4. These errors are all over my php-fpm error logs
Jan 31 23:56:40.551917 [WARNING] [pool www] child 32011 exited on signal 7 SIGBUS after 8332.830655 seconds from start Jan 31 23:56:40.552514 [NOTICE] [pool www] child 935 started Jan 31 23:56:51.018778 [WARNING] [pool www] child 675 exited on signal 7 SIGBUS after 1080.377420 seconds from start Jan 31 23:56:51.019400 [NOTICE] [pool www] child 936 started Jan 31 23:57:07.588714 [WARNING] [pool www] child 601 exited on signal 7 SIGBUS after 1456.255594 seconds from start Jan 31 23:57:07.589324 [NOTICE] [pool www] child 940 started Jan 31 23:57:51.147662 [WARNING] [pool www] child 32037 exited on signal 7 SIGBUS after 8302.292151 seconds from start Jan 31 23:57:51.148279 [NOTICE] [pool www] child 942 started Jan 31 23:58:33.067957 [WARNING] [pool www] child 843 exited on signal 7 SIGBUS after 430.257647 seconds from start Jan 31 23:58:33.068582 [NOTICE] [pool www] child 944 started
this is a bug plus configuration specific.
easiest solution to start with - upgrade php, overwriting previous configs, and disable apc.
read logs and see that everything is working good. as i said there is no point to debug anything if you have first php-fpm release in 5.3 branch.
upgrade till 5.3.21.
as long as you have rpm’s and updated repositories you can upgrade php,
then configure and restart. no downtime and you do this on none peak times,
you can even check dependencies before you run upgrade.

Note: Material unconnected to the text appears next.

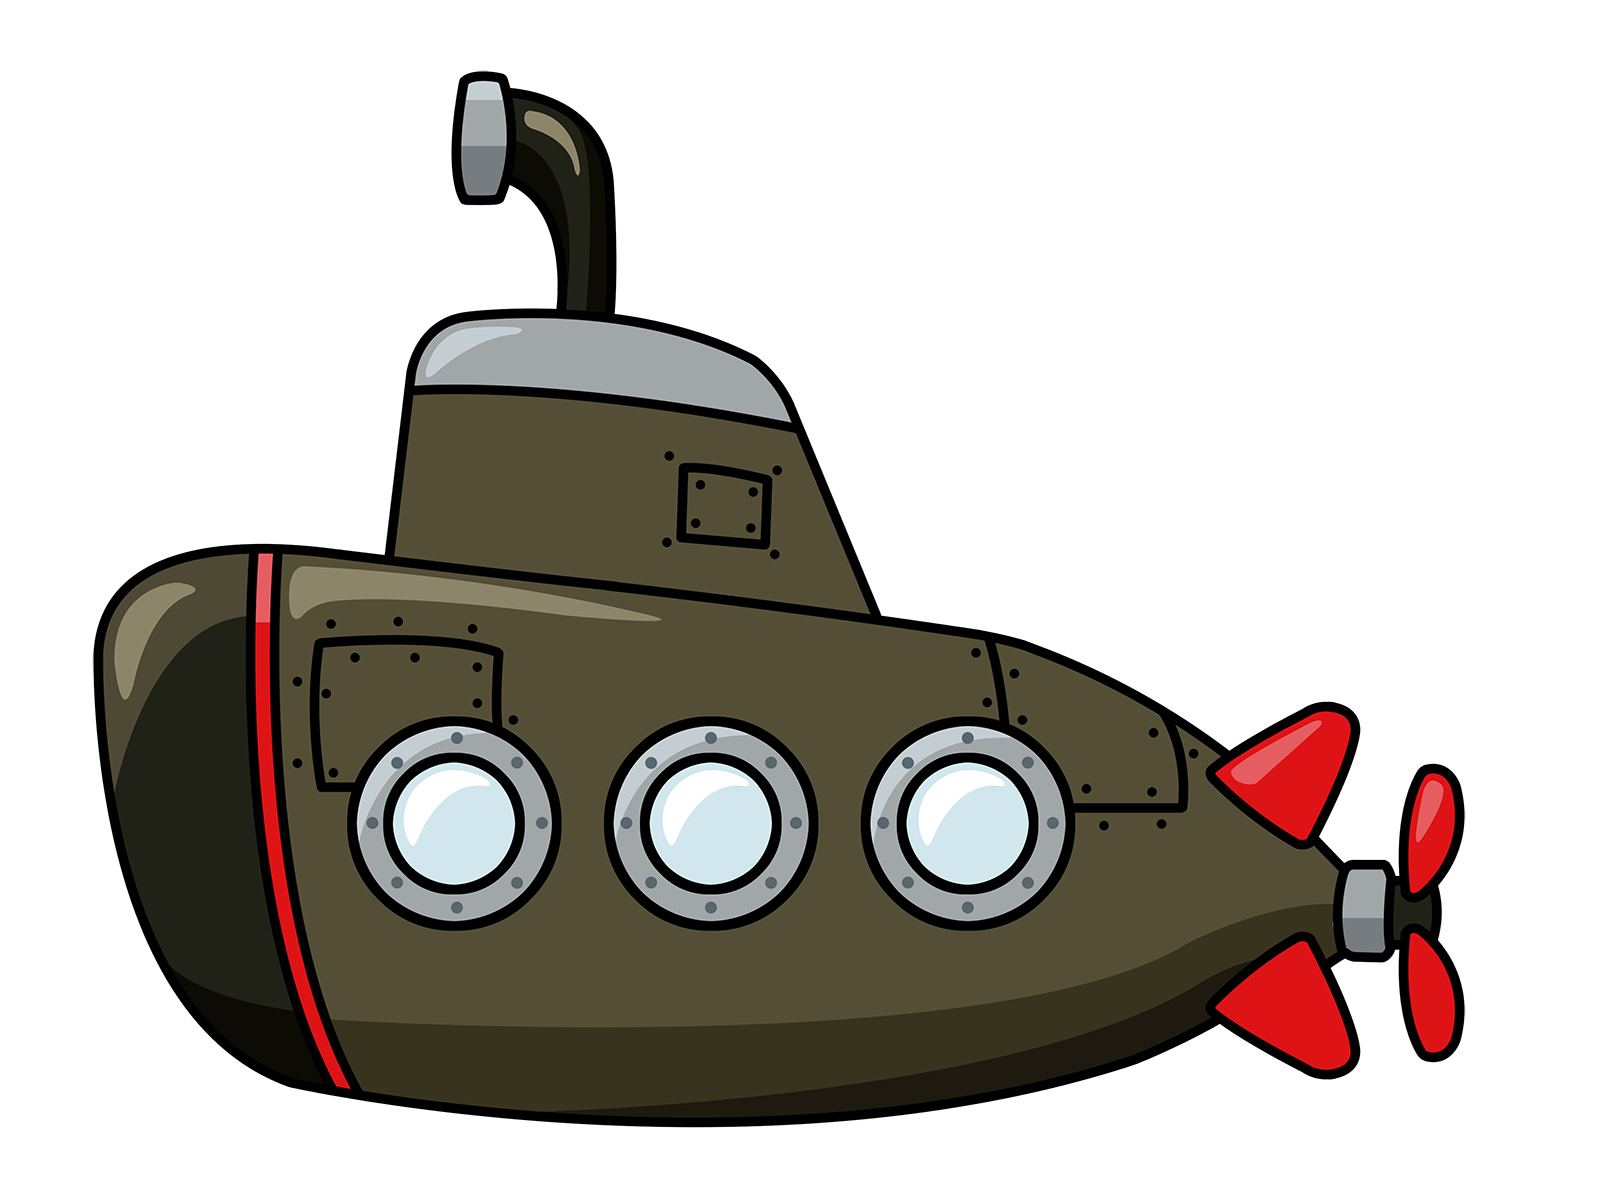 Submarine 20clipart | Clipart Panda - Free Clipart Images | Conklin Mini Golf | Pinterest | Free clipart images, Cartoon and Public domain

apc needs to be disabled few hours, then you can plug it in. and read logs again.
there is eaccelerator as well, works sometimes even better.
disable full page cache and apc and run
ab -c 1 -n 1 http://www.campsaver.com/
then restart with apc
see speed, read logs and enable full page cache if good.
We do find this odd, you have highly configured servers with external order management and we would have thought you were hosting where this would not happen. On that note, MySQL and Memcache are best to have their own servers, Magento is burst CPU intensive. The configuration of all parts is more art than science, this combination works perfectly for ourselves. Our main suggestion is to start from the beginning and have the most minimal configuration adding incrementally until things start failing.